# Simple Dual Zone Home Theatre/Outdoor Setup Solution??



## tim1088 (Aug 3, 2013)

Hey guys I want to start by thanking you all for your help with this. I have been to a few of the major retailers trying to find answers and each time the price seemed to keep going up with way more advanced equipment than I think I need. Here is what I have and am looking to do.

I have a small room (13x22) with a Vizio tv mounted in a corner on the wall. Integrated speakers are horrible so I want to replace them with something more substantial. My budget is as low as I can get it to be, hopefully less than $500. I have a Google TV unit attached to the TV and I would like to get at least 2 speakers and a subwoofer in the room for my audio. 

I also want to have a dual zone setup where there can be 2 outdoor speakers.

I am not looking for anything too fancy so I saw a few of the Sherwood amplifiers or even a used yamaha RX-V671 that is on Amazon for around $200. 

Any thoughts of an easier solution or of a different amplifier/setup would be greatly appreciated!


----------



## cubiclecrusher (May 21, 2013)

I would start as small as possible, with the idea of upgrading.

I'd start with a 2.0 system that will drastically improve your TV built-in speaker sound. Then upgrade with a sub, and then upgrade with your zone 2.

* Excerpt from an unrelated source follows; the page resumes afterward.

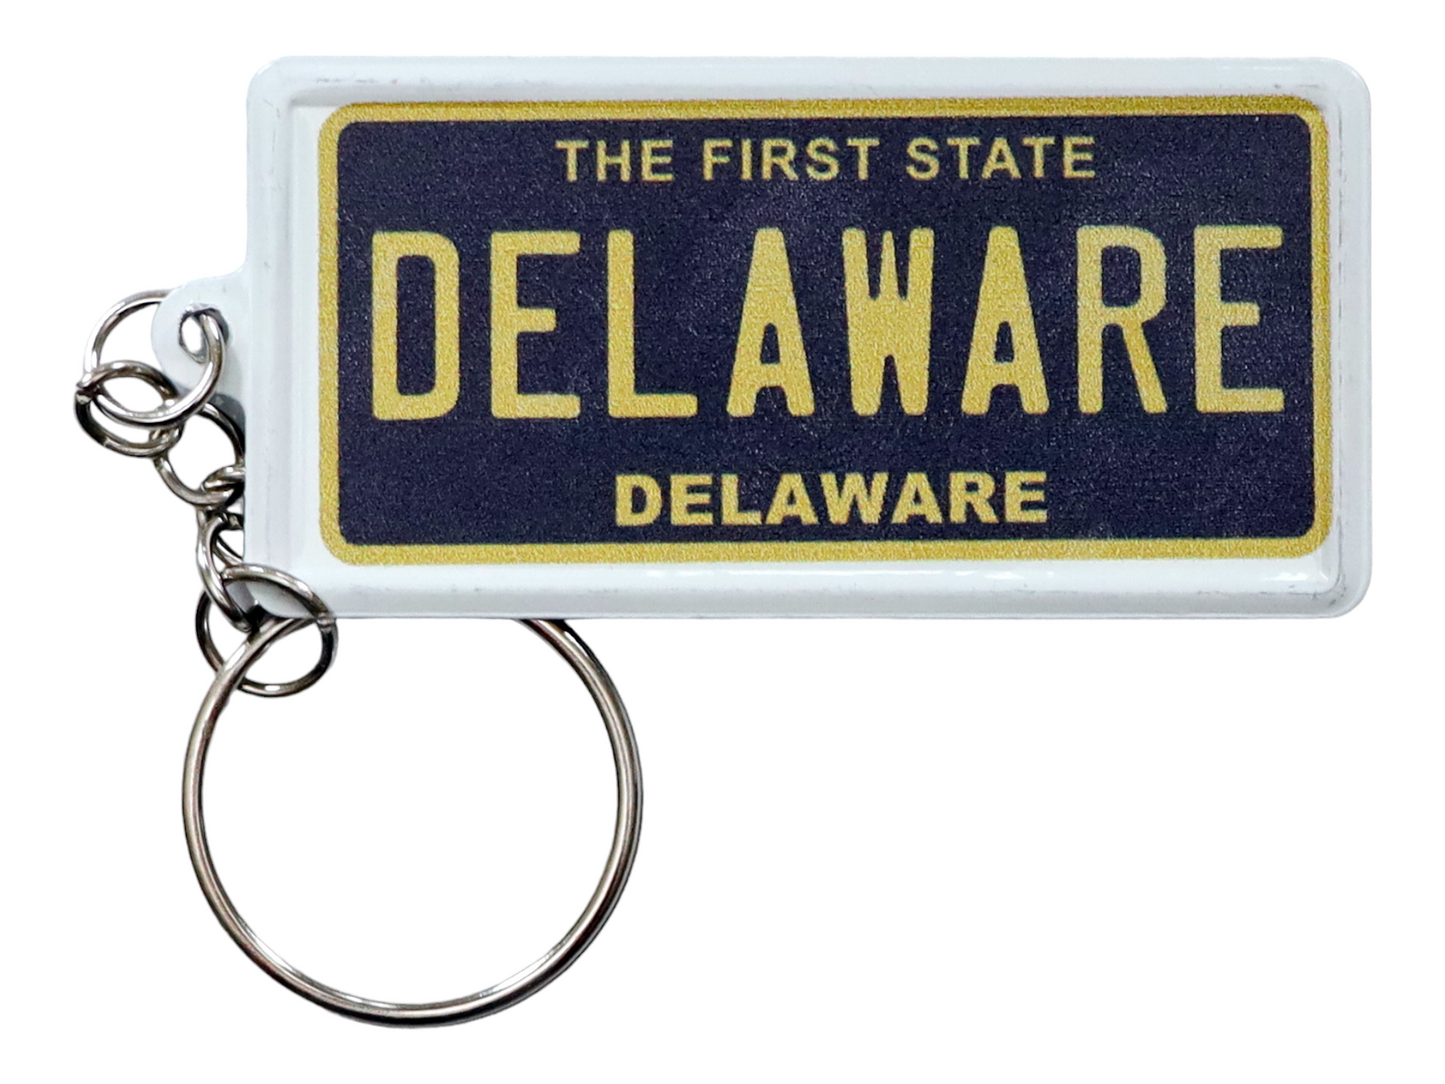 Delaware License Plate Aluminum Ultra-Slim Rectangular Souvenir Keychain 2.5" X 1.25"x 0.06"

One potential method of doing this could be with a $500 Sonos amp that is currently being offered with a pair of free speakers.
http://www.crutchfield.com/S-p9FkT7MRZjn/p_616ZP120/Sonos-CONNECT-AMP.html

The Sonos product will allow you to easily expand with multiple wireless zones. The start-up costs might seem high, but the alternatives could involve wiring, or require wireless boosters, all of which quickly add up. 

At a minimum, I'd get a used Stereo Receiver that has analog audio-out (RCA red/white audio out). Then I'd find some yard sale speakers (I've had great luck at yard sales myself). Hook that up to your TV for your main zone. Then when you are ready to upgrade, buy some form of wireless speaker system, like Rocketfish or something similar, hook their proprietary transmitter to the audio-out of your receiver and then put the wireless speaker where ever you need them.

I use a single Rocketfish speaker, and move it from bedroom, to bathroom, to dining room, to outside porch - depending on where I want that lil extra music. My "modern" AVR did not have audio out jacks though, so I have to hook the Rocketfish transmitter to my Blu-Ray player (which is web-connected, and had the audio-out jacks I needed). This limits my "zone 2" to only the streaming/CD music sources that I get from the blu-ray player, but this is adequate for my needs as I mostly use Pandora anyway.


----------



## tim1088 (Aug 3, 2013)

Thanks a lot, I ended up getting the Yamaha RX-V671 7.1-Channel Network AV Receiver. I got it for around $250 so I think it will work. I like the idea of wireless speakers, that would make the process much easier. Now I need to find a good subwoofer and some speakers and we'll be good to go.


----------